Problem:
Each line of data below must be printed exactly as written, with any pictures removed.

Given information:

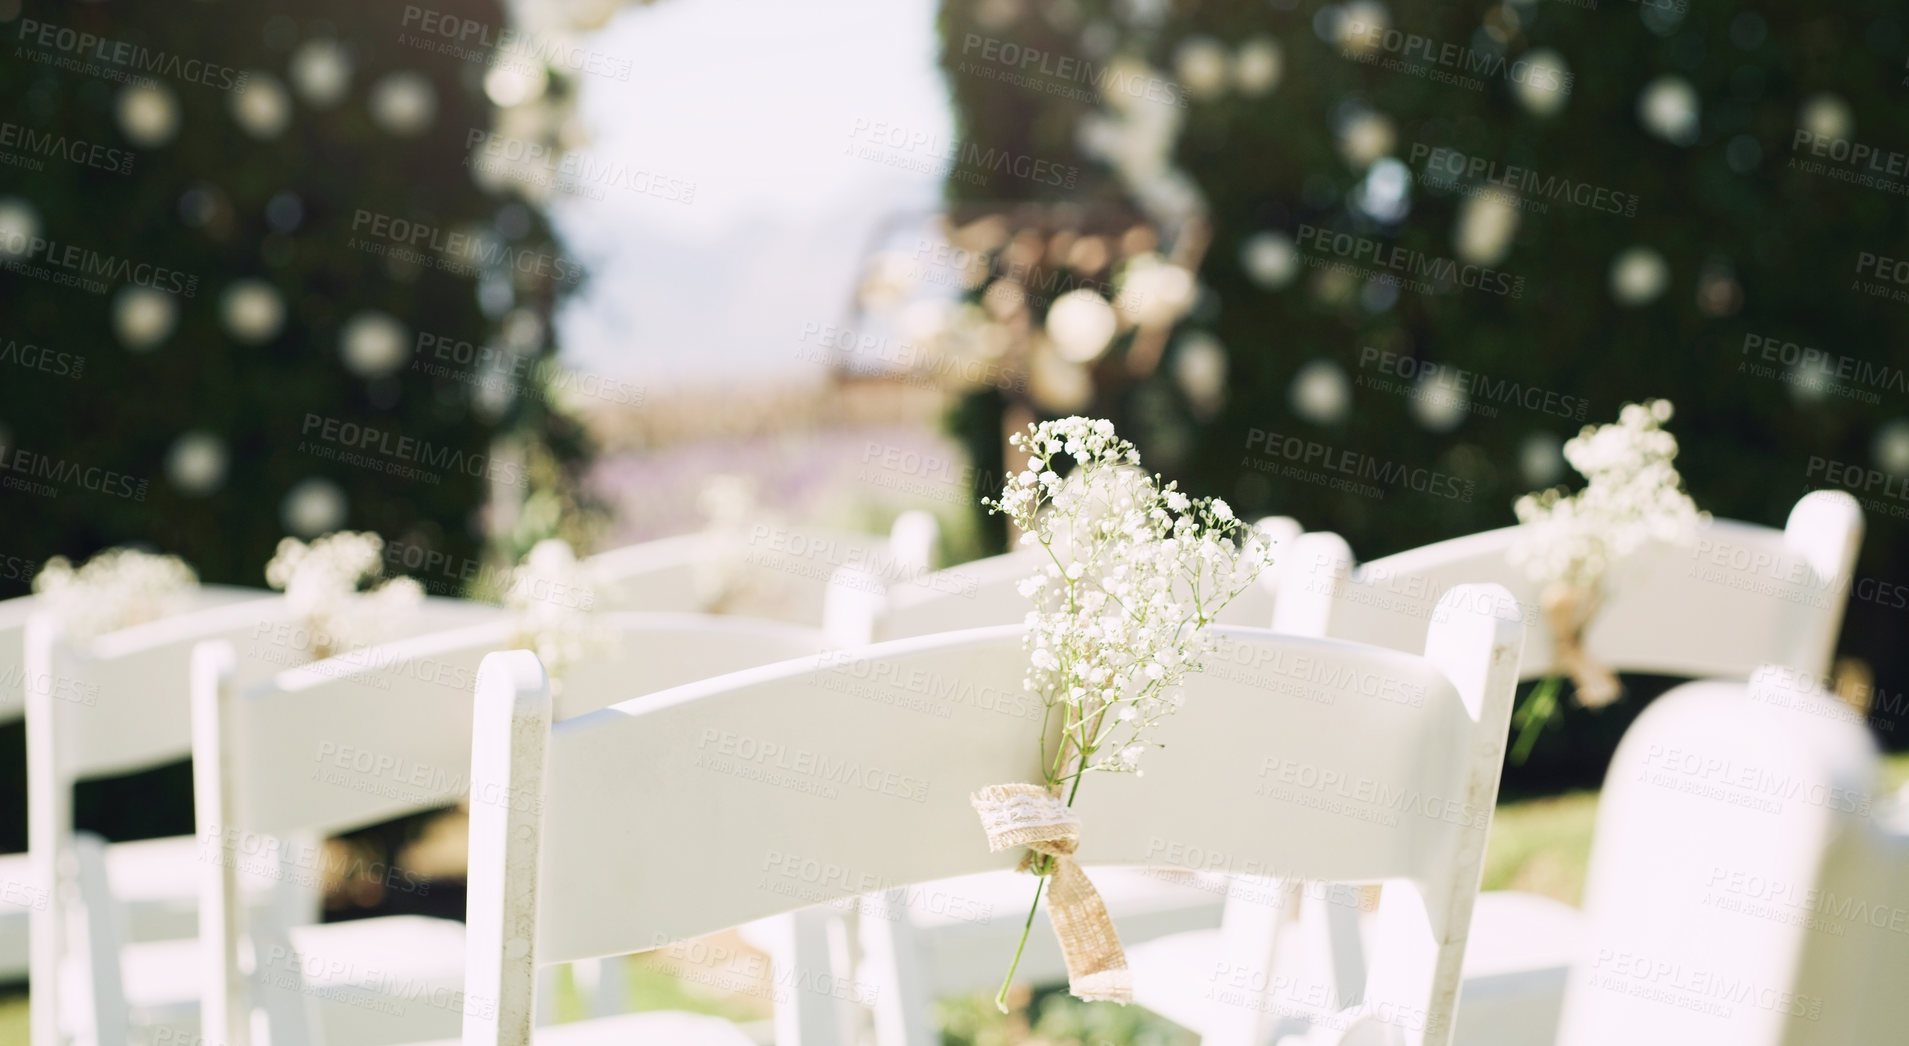 Buy stock photo Still life sot of arranged chairs at an empty wedding venue during the day
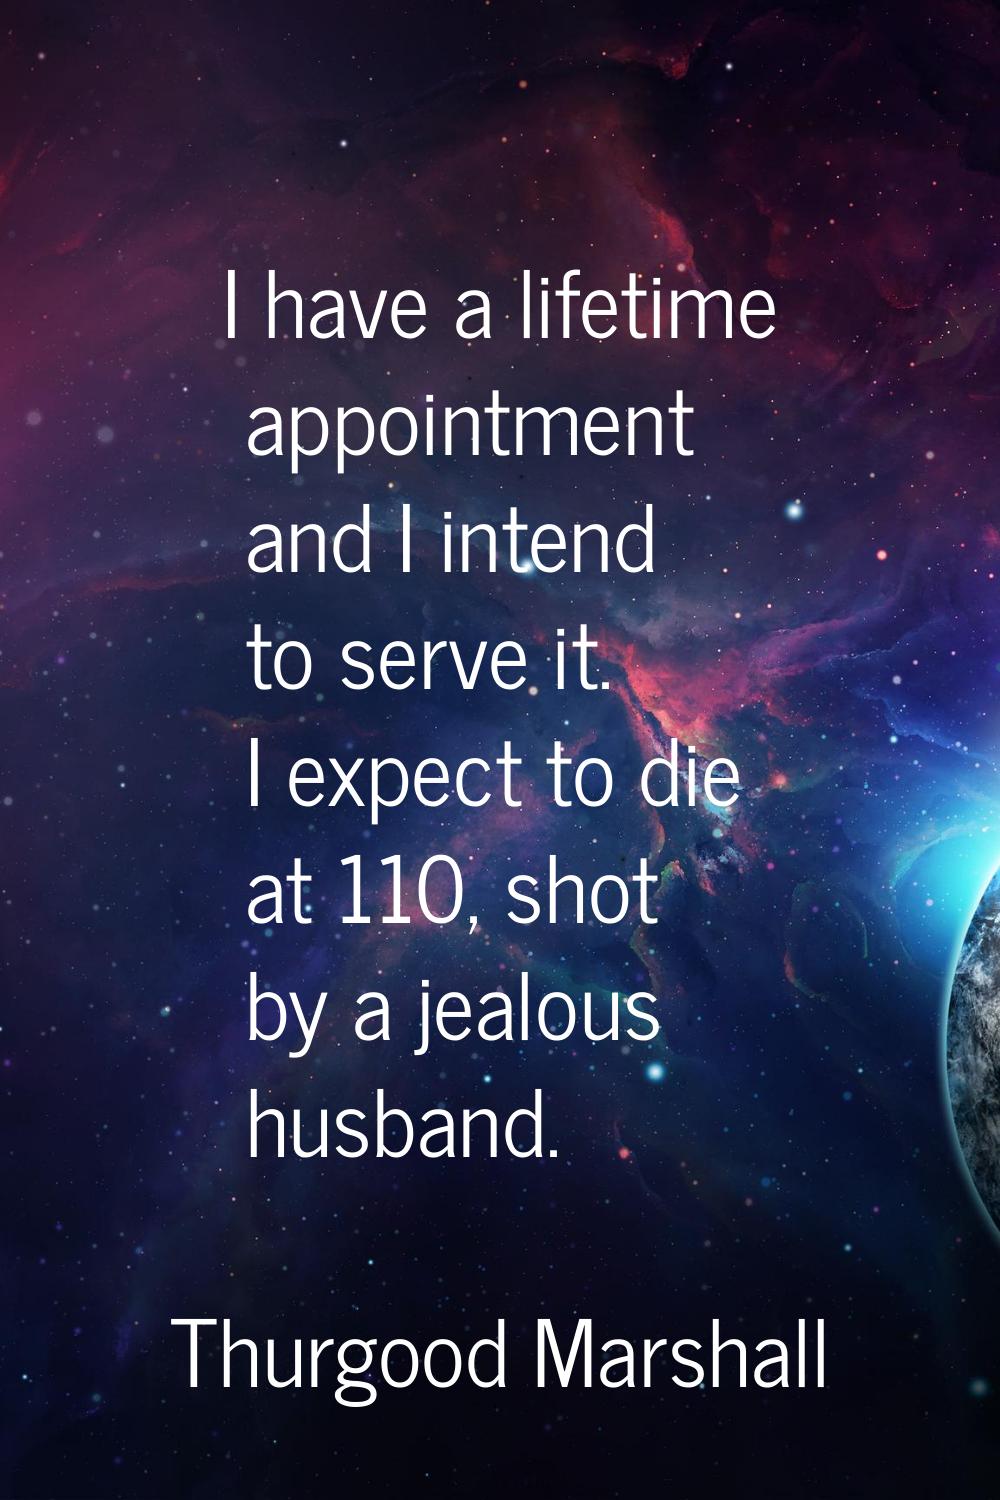 I have a lifetime appointment and I intend to serve it. I expect to die at 110, shot by a jealous h
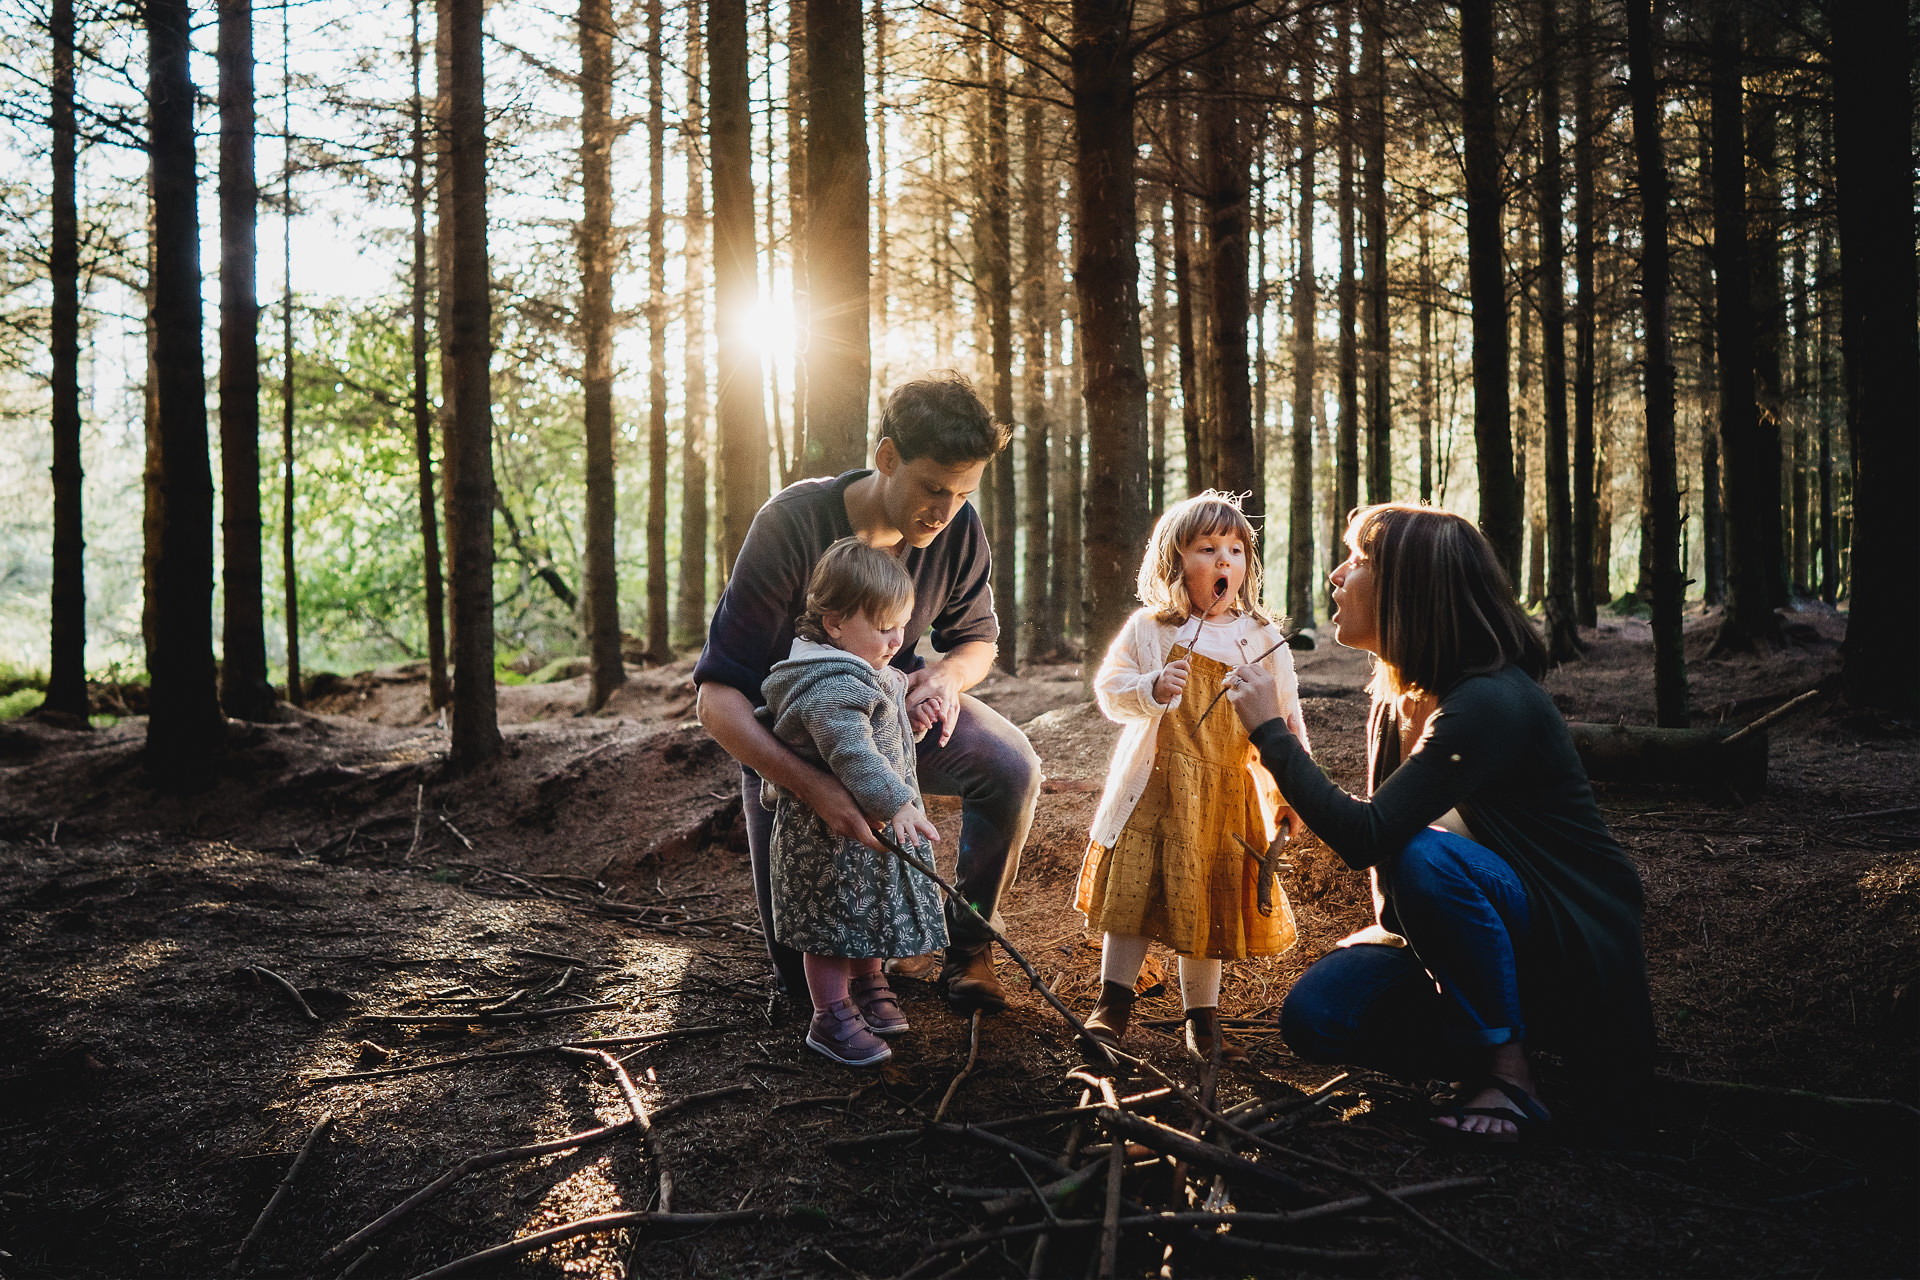 A family pretending to toast marshmallows over an imaginary fire in the woods with beautiful sunlight
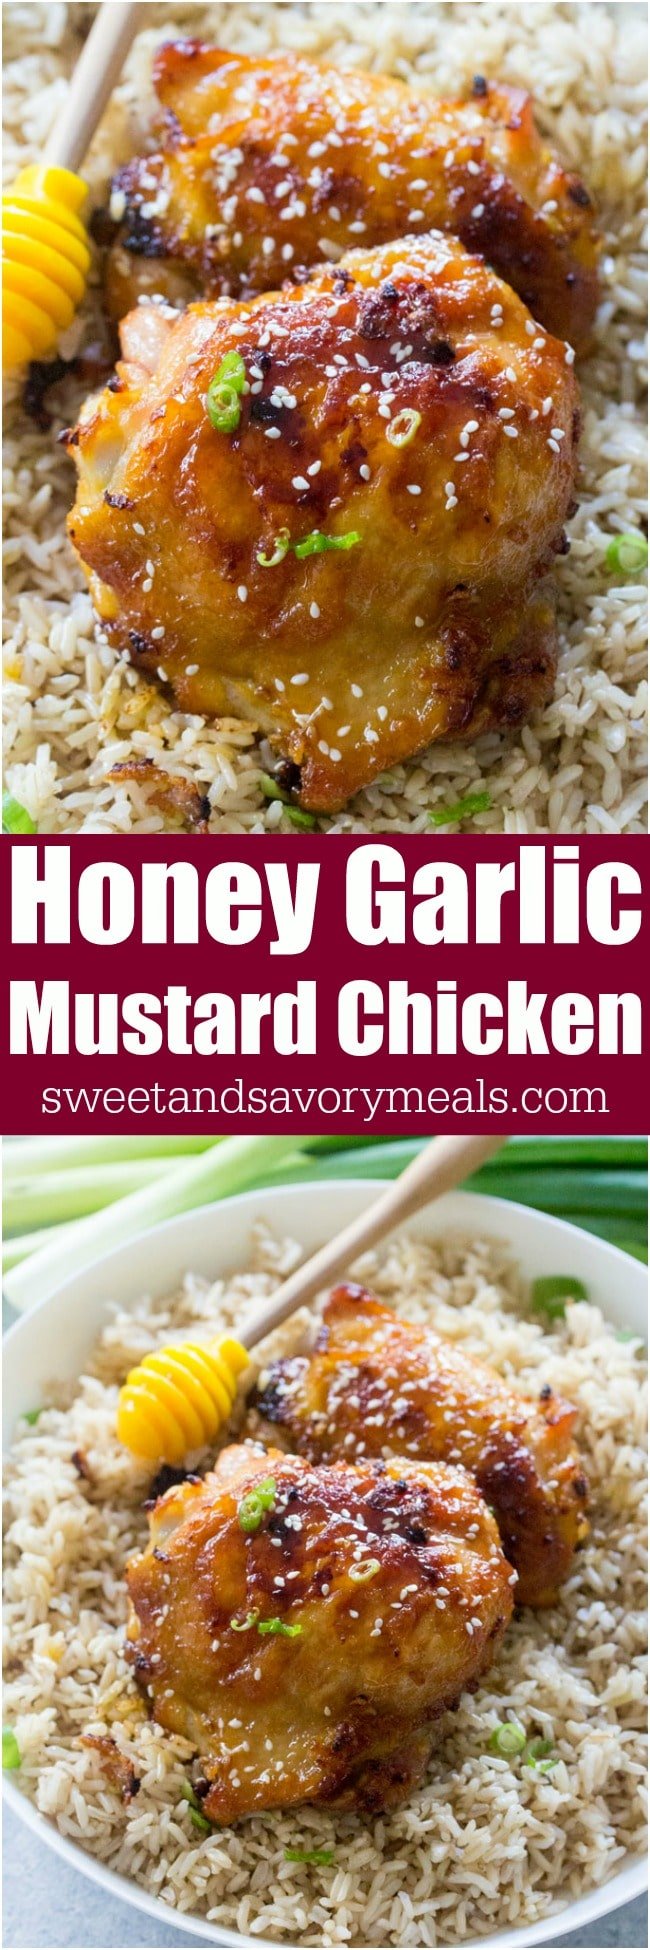 One Pan Honey Garlic Mustard Chicken made with just 6 ingredients, makes weeknight dinners easy and delicious.

The completed task:
 Buy stock photo Still life sot of arranged chairs at an empty wedding venue during the day
 I have a lifetime appointment and I intend to serve it. I expect to die at 110, shot by a jealous h
 A family pretending to toast marshmallows over an imaginary fire in the woods with beautiful sunlight
 One Pan Honey Garlic Mustard Chicken made with just 6 ingredients, makes weeknight dinners easy and delicious.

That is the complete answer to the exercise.